OK, for the purposes of this thread, I don’t care if what I’m asking is impractical or that RAM is cheep. I’m just curious if this is possible.
DOS and Windows (and I’m assuming Linux and MAC OS) can scan a hard-drive and mark bad sectors so that they won’t be used.
Could the same thing be done for RAM? Obviously the RAM itself couldn’t be marked, the bad RAM location(s) would have to put in a file, but at any rate, if you had a bad RAM stick with one or more specific addresses that are bad, could an OS work around them?
Sure.
It’s been done in the past, and may still be done with fault-tolerant systems.
But RAM is cheap these days, and it’s usually considered a better idea to throw away an entire stick if part of it is bad.
Typically, the defect mapping is done by the memory system, and not the OS. An example.
Thanks for the answers. I know about error detection and correction, I was just thinking of motherboards that didn’t take RAM with Parity or ECC, or anything like that.
Since the mapping from virtual adresses to physical adresses is under the control of the OS kernel, the answer is basically yes. The OS can keep a table of bad physical pages and never allocate those pages for use. There is an issue for low physical memory addresses, because the kernel will boot in physical address mode, and bad memory in the area needed for early bootstrap can’t be avoided in this manner. But the rest clearly could. In principle.
However detecting bad memory isn’t trivial. ECC can flag correctable and uncorrectable errors, parity memory can also flag single bit errors, but not correct them. It can’t see all dual bit errors. If the OS gets an uncorrectable error there is little it can do except assume that the process that incurred the error is now toast. If it was the kernel, well a panic (or BSOD) is about the only reasonable (if you can call it that) behaviour. So a system that is in some sense tolerant to memory errors (by trying to map out bad memory) is going to probably seeing a lot more hard failures too. Mapping out pages with persistent single bit errors in an ECC system might be a reasonable compromise.
Properly testing memory is appalling difficult. Almost no-one ever does a real memory function test, as they take days. Memory failures can be very subtle. Leaky cells that forget over a period of hours, and worse. So it is going to be difficult to identify true failing memory addresses over random one off failures.
Mapping out the bad memory in the OS has the advantage that you don’t add any overhead to the memory internals - since you are already performing a memory address mapping for virtual memory you have already paid the price.
Bad caches, I agree. But for bad embedded memory, doing a software mapping would be absurdly expensive.
Testing memory functionally is tough, but pretty much all processors use Build In Self Test (BIST) to do embedded memories - and there is also some tools that put the BIST hardware on an ASIC and use the same technique to test external memories. The BIST hardware sits right next to the RAM and tests it at-speed, which is very important.

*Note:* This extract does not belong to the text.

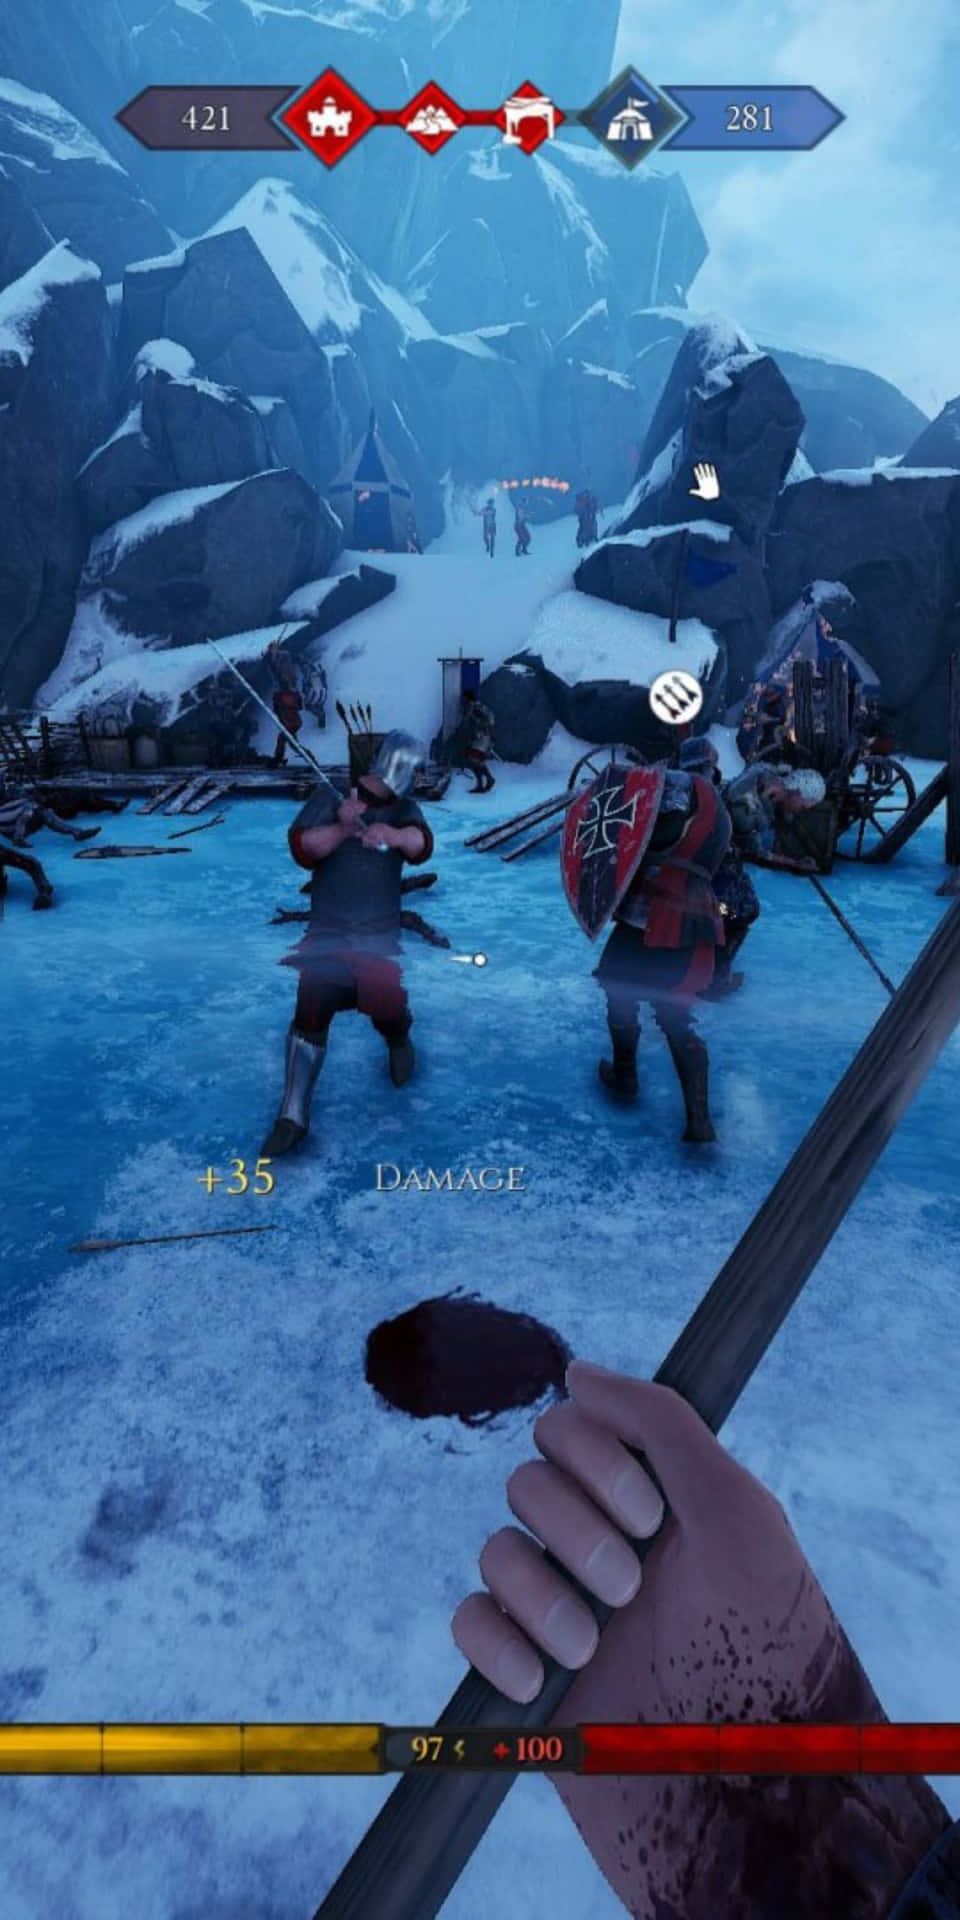 Prepare for an epic adventure with Pixel 3 Mordhau
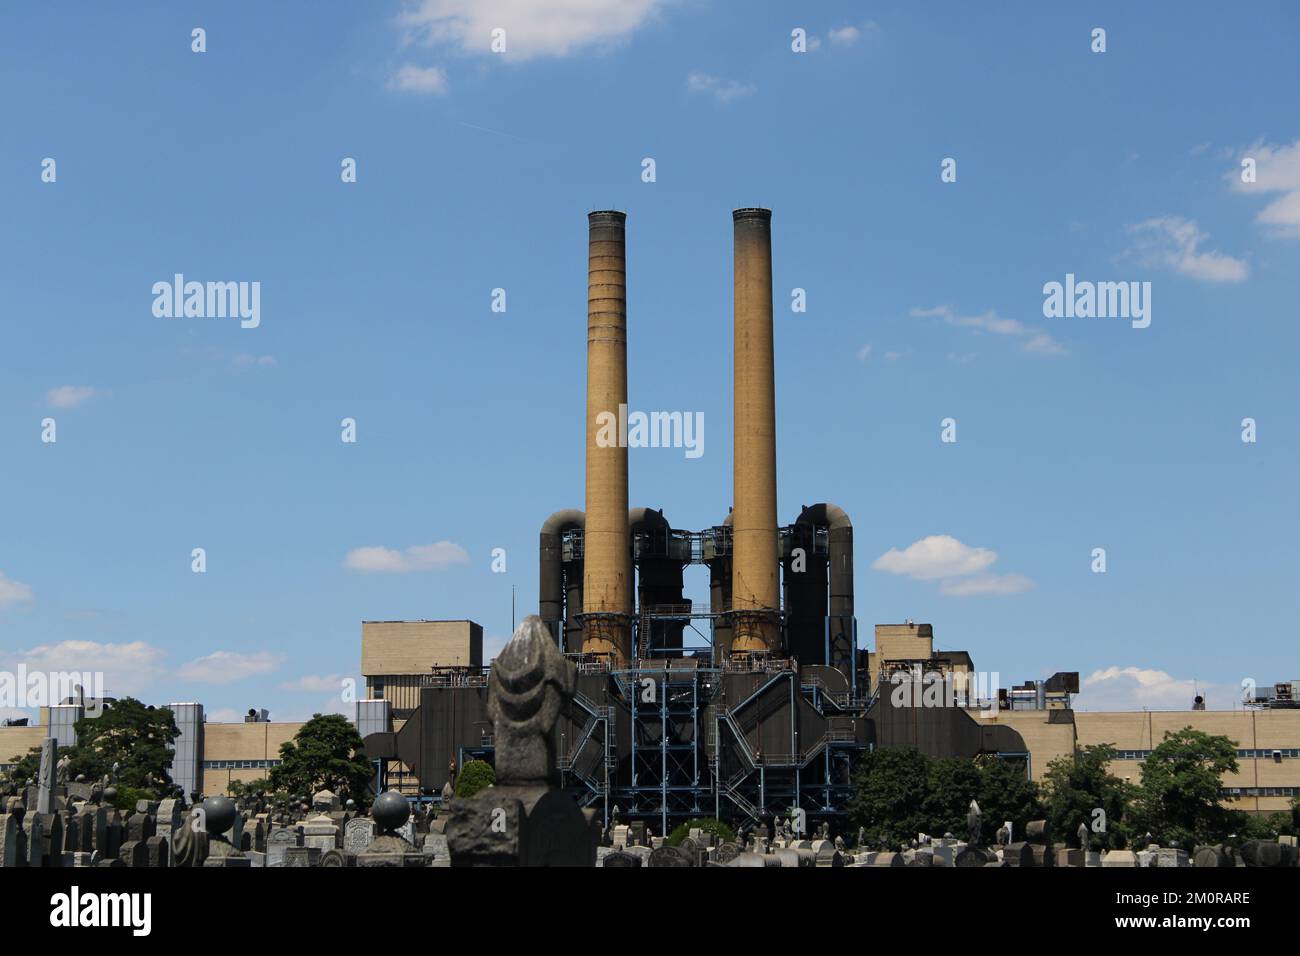 Photograph of Betts Avenue Incinerator in Maspeth Queens with Mt. Zion Cemetery also in view. Stock Photo

In the old days the BIST would be set up with an algorithm to test for the defects most likely to be seen in a given memory design, but we discovered that nature always inserted defects that we didn’t bother to test for, so many BIST engines are now programmable.
Memories are so big these days that during production their failure rates are very high. To improve yields nearly everyone designs them with redundant rows and columns. During manufacturing test, you run BIST on the memory, find the failing bits, and blow efuses to do the substitution using several clever algorithms.
If you really want fault tolerance, this can be extended to Built-In Self Repair, where on power-up you run BIST, find the defective cells, and use soft fuses or something similar to do the repair. This doesn’t hurt performance. The hardware overhead doesn’t matter since you gain far more yield by doing repairs than you lose.
The Open Sparc definition has ways of marking bits as dirty as a way of implementing mapping for faulty caches. I was on a committee looking at this a few years ago, but I think I tossed my documentation.